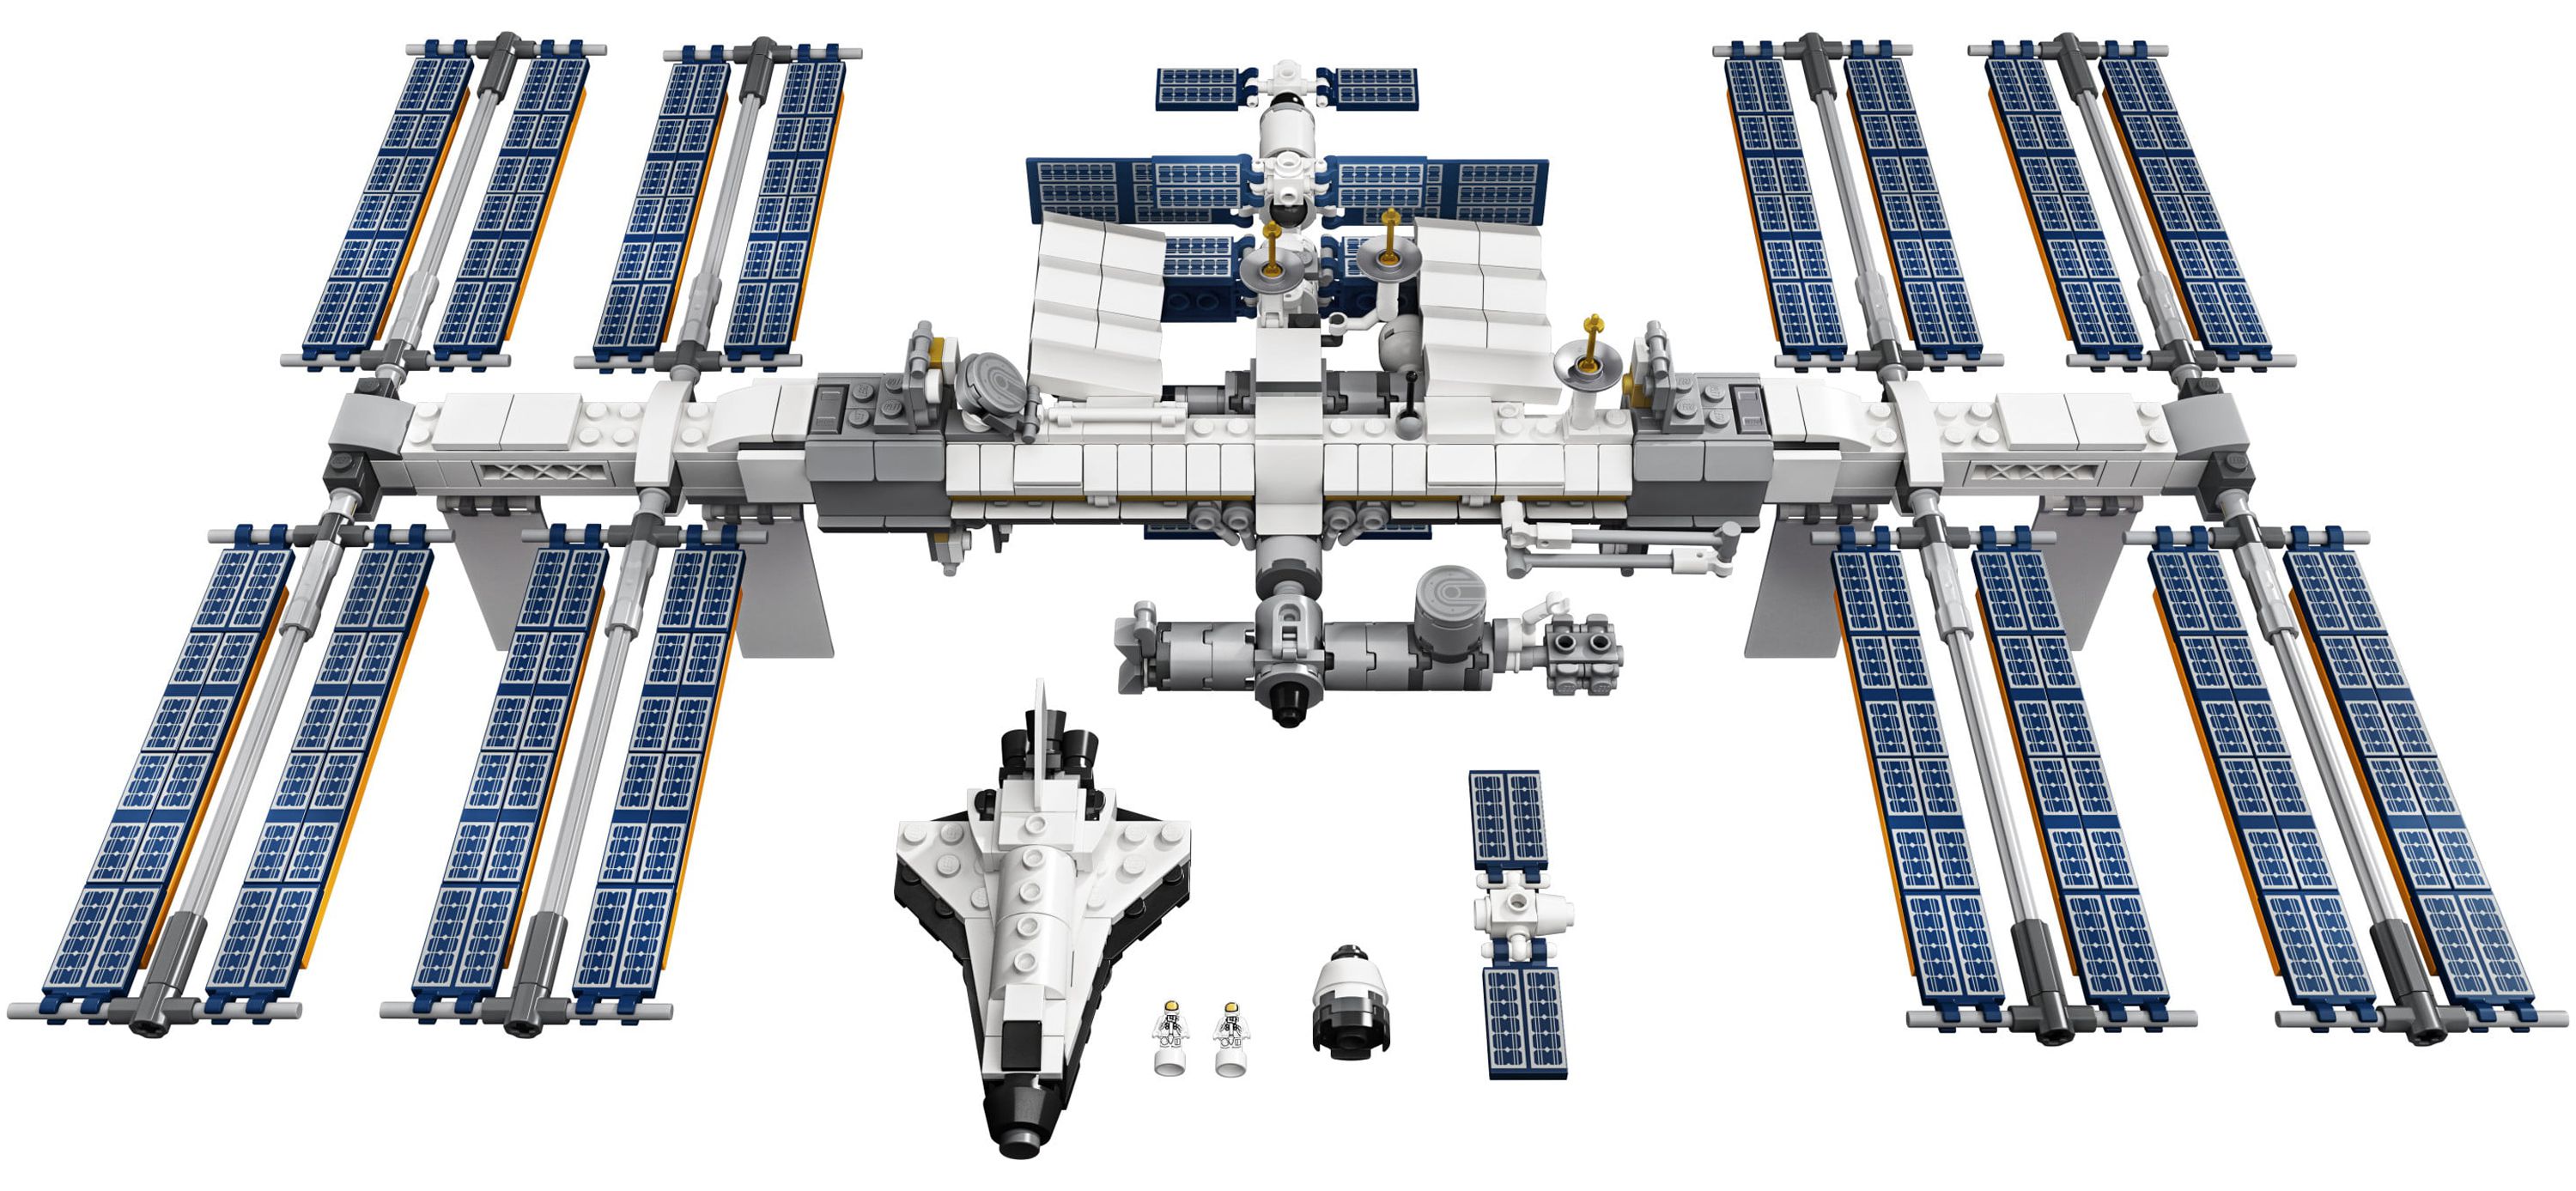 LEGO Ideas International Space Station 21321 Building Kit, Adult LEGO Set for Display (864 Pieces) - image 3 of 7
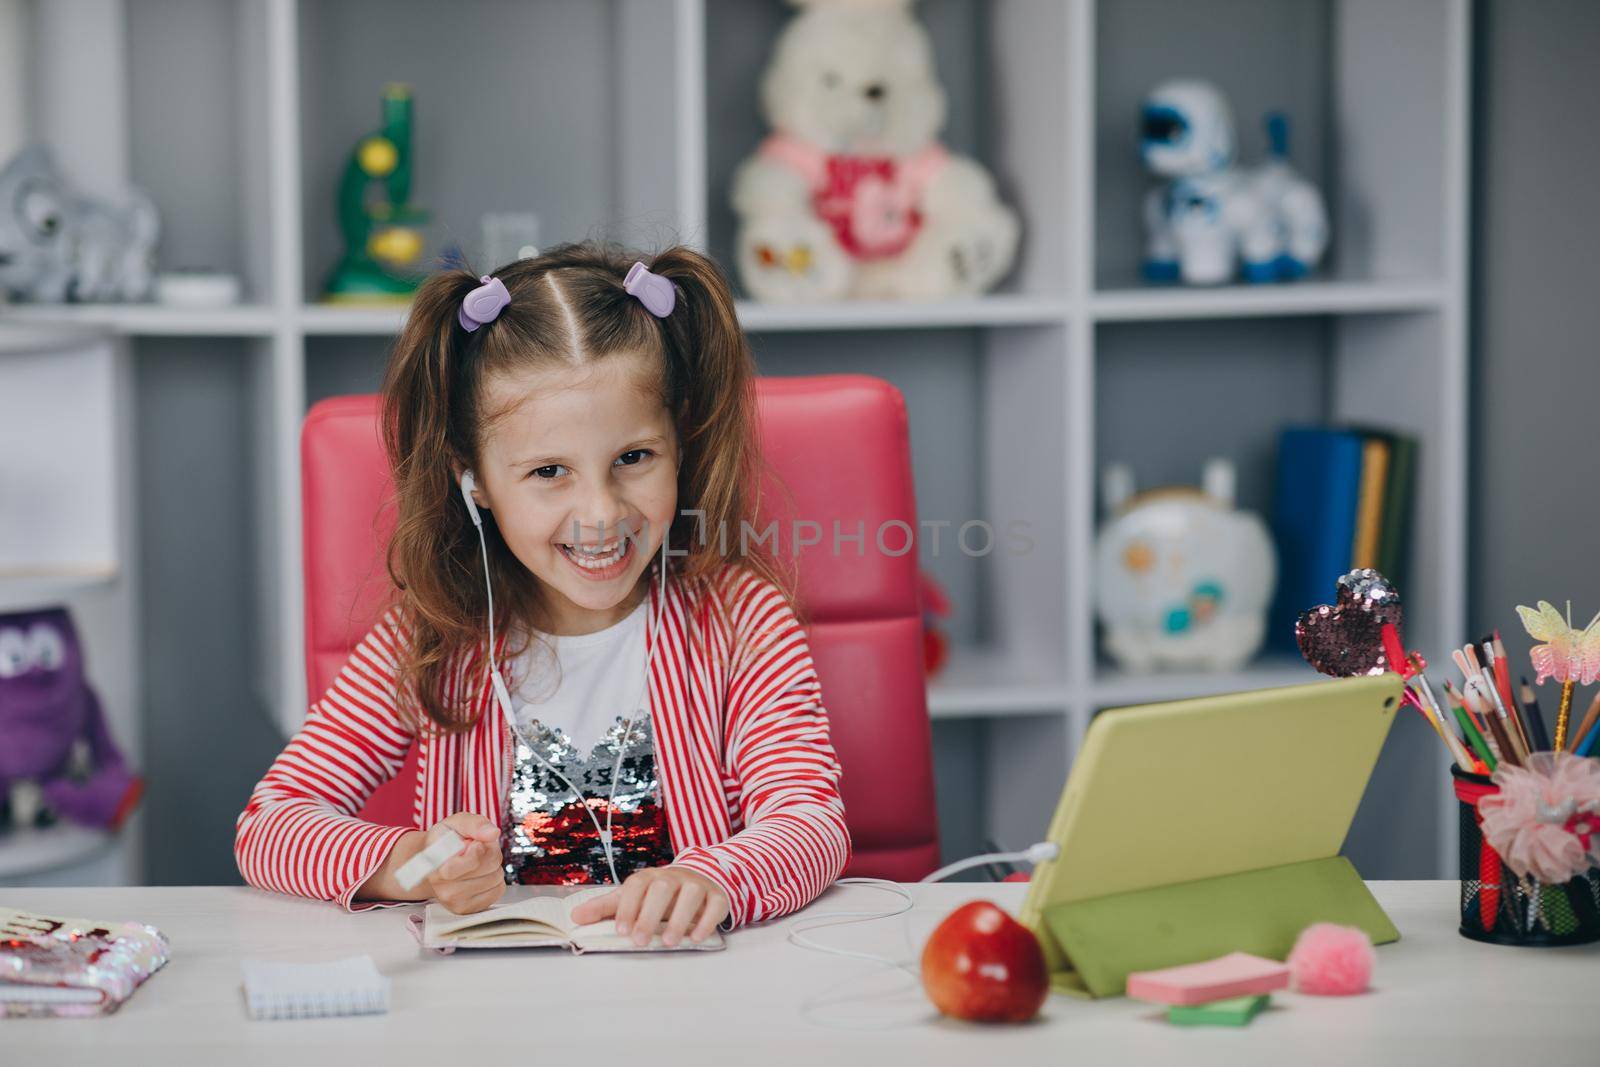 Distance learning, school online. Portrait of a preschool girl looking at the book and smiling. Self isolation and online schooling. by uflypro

==

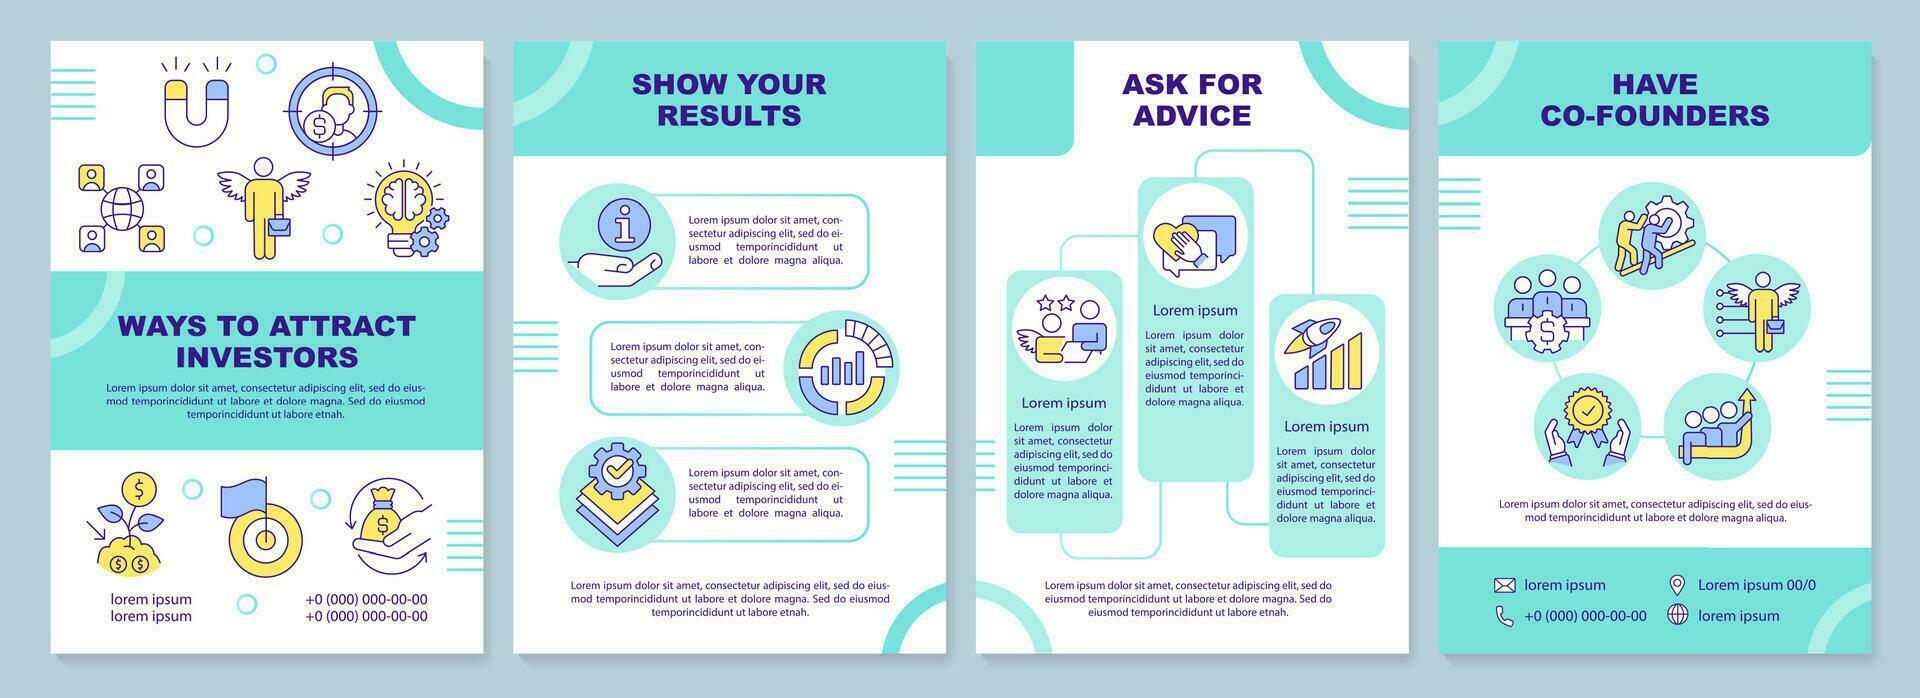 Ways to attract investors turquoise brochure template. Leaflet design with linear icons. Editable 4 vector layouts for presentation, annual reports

--

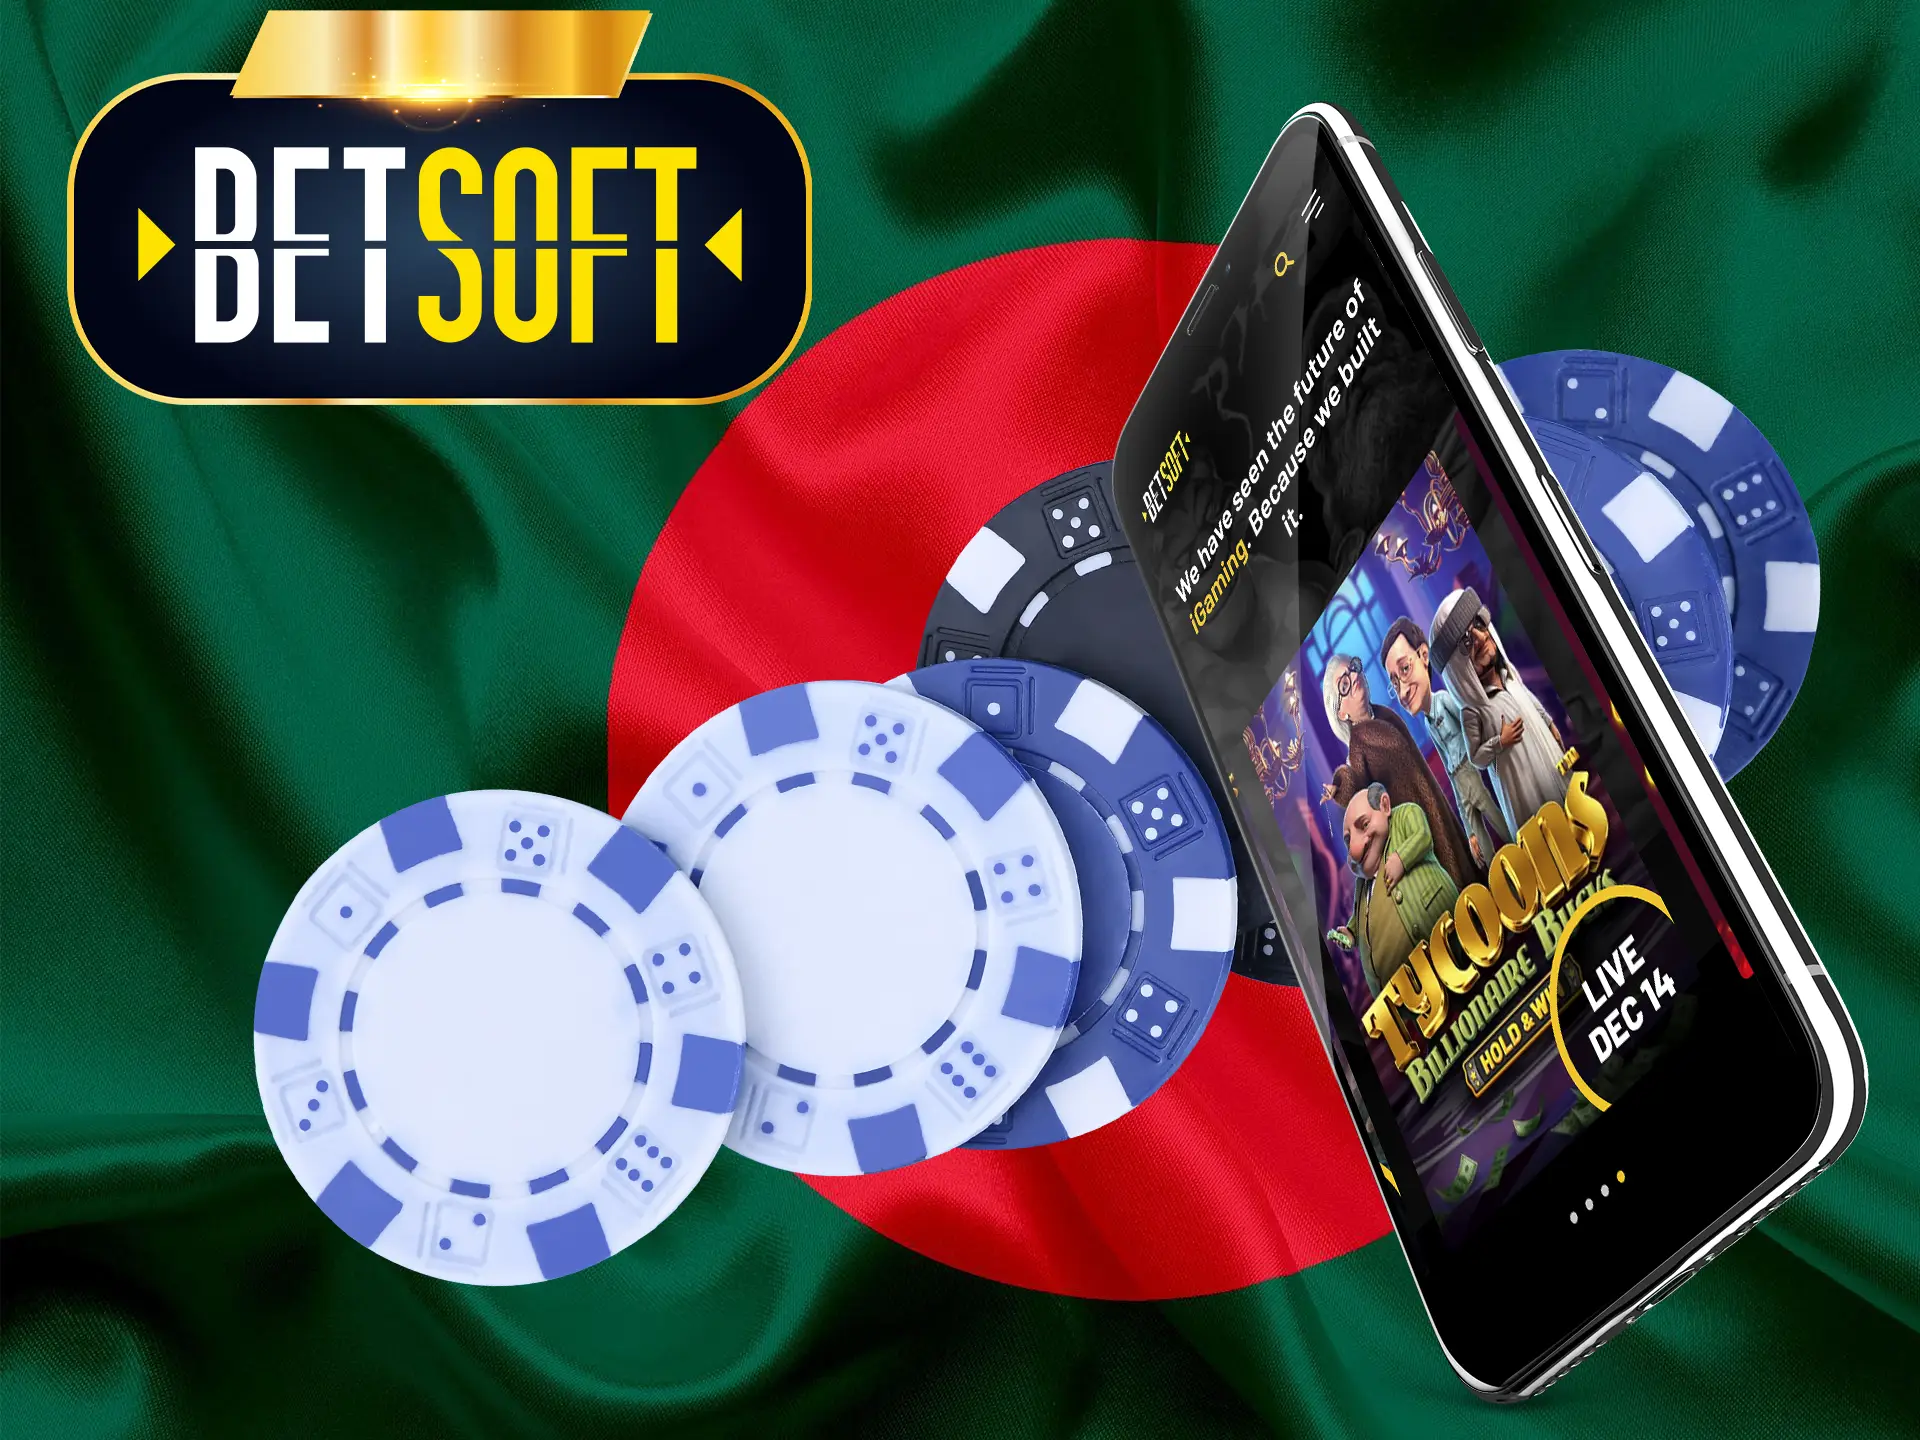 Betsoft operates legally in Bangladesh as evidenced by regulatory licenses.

- **THE PROBLEM**
Go back to the listing above and reproduce, exactly, the stretch from the line bearing "LEGO Ideas International" through the line bearing "Distance learning, school", without its pictures.

- **EXERCISE RESULT**
 LEGO Ideas International Space Station 21321 Building Kit, Adult LEGO Set for Display (864 Pieces) - image 3 of 7
 Distance learning, school online. Portrait of a preschool girl looking at the book and smiling. Self isolation and online schooling. by uflypro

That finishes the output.